> _Required action_: Look below for the line containing "Festival Fever: Diwali in India Tour Trip 6" and the line containing "Website namaste", then set down both and every line between them exactly, without pictures.

> _Given information_:

※

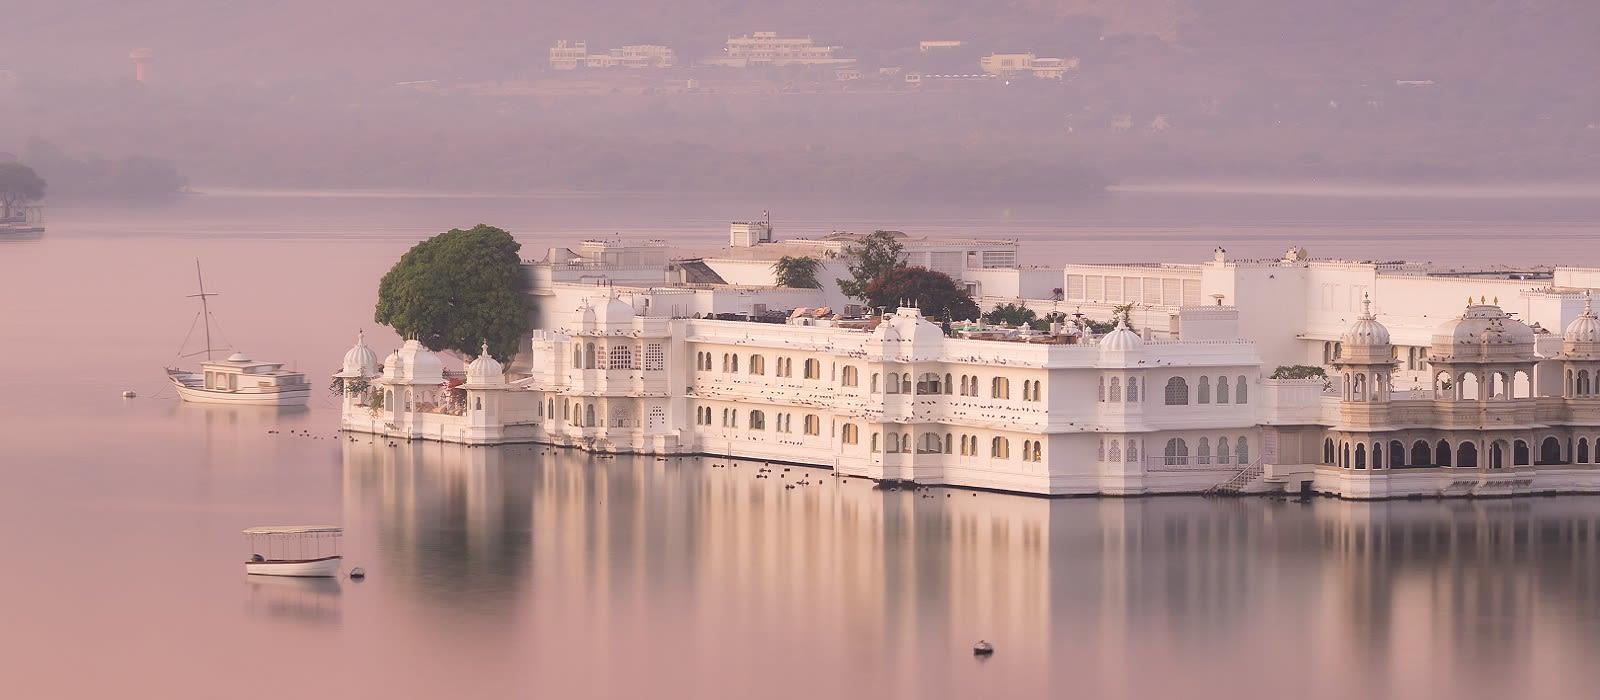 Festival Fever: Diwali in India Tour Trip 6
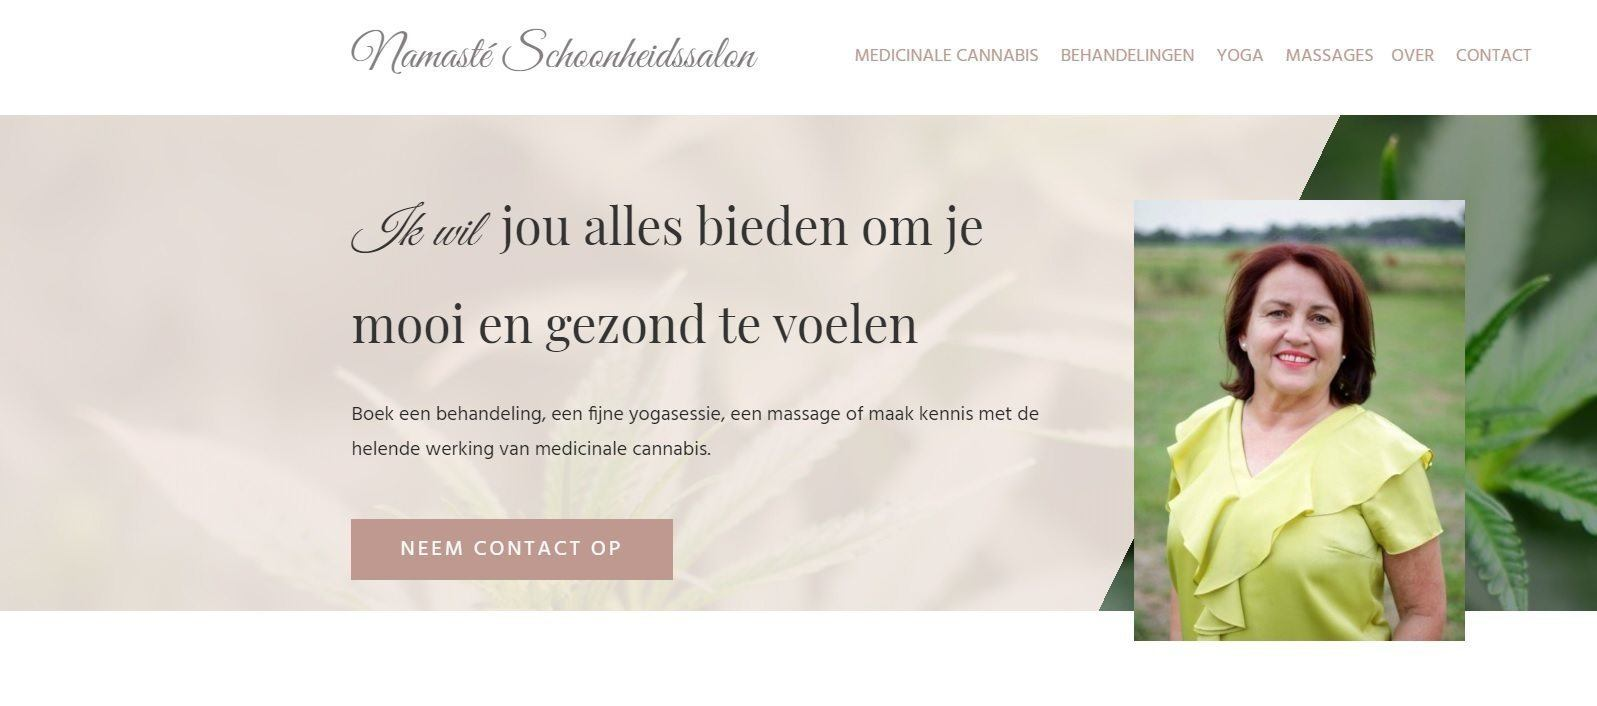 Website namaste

※

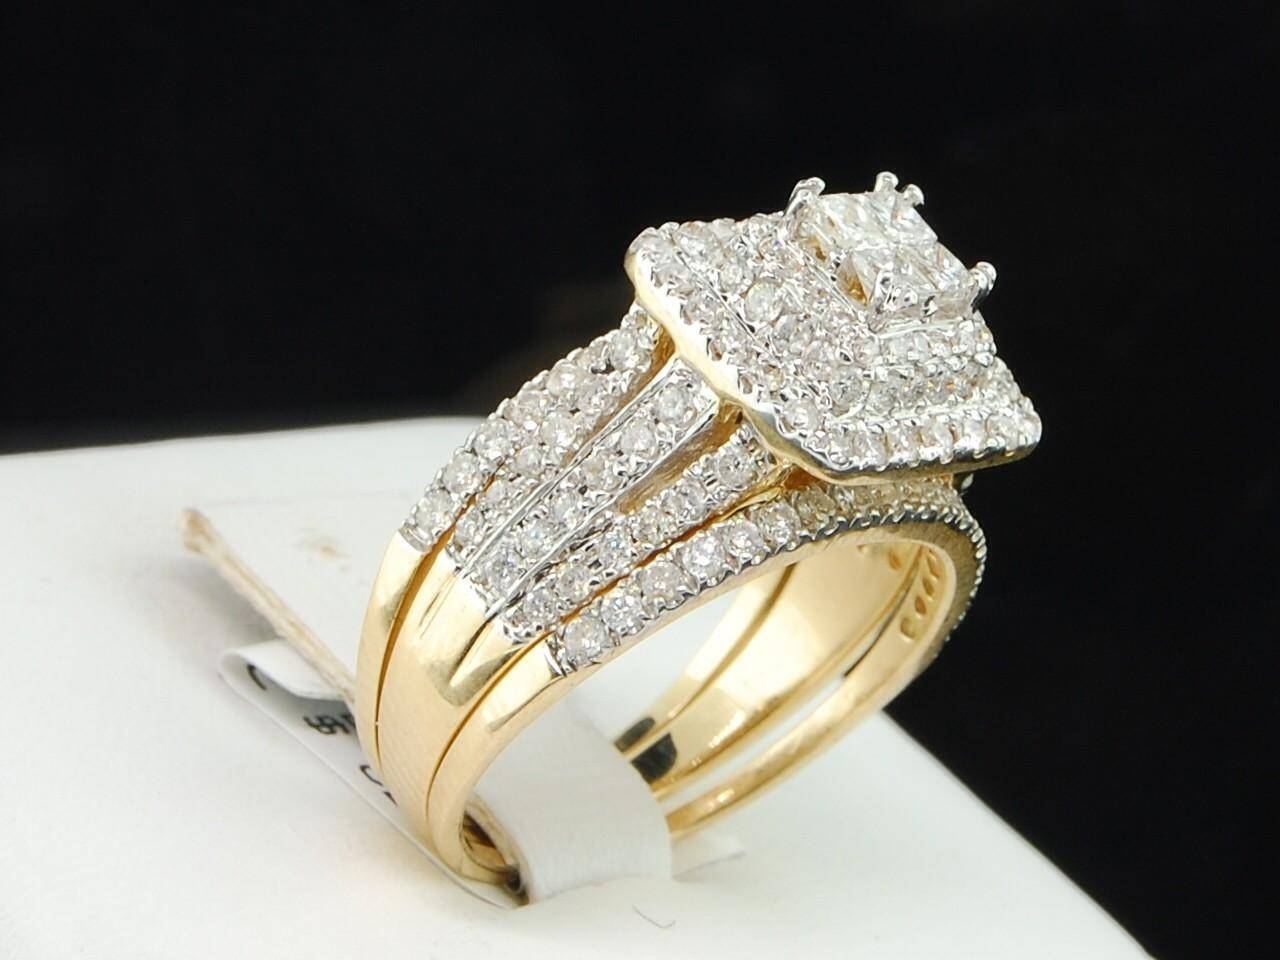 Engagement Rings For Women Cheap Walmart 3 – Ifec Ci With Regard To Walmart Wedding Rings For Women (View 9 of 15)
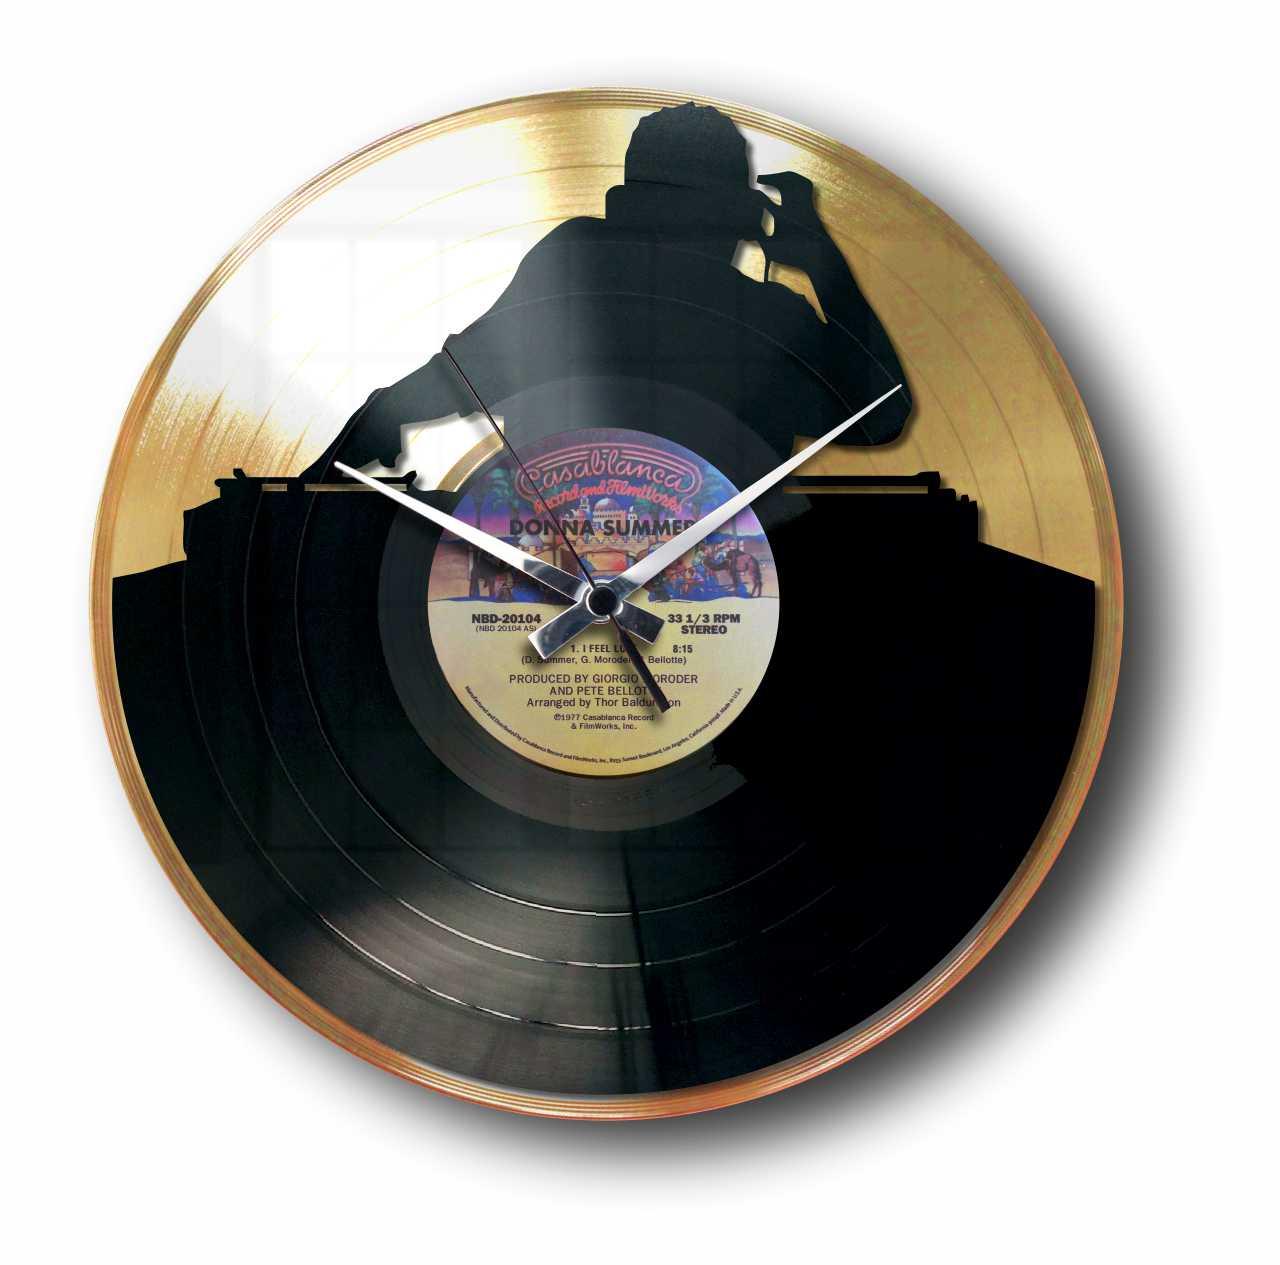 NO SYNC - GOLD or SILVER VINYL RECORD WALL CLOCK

※

> _Solution for this exercise_:
 Festival Fever: Diwali in India Tour Trip 6
 Website namaste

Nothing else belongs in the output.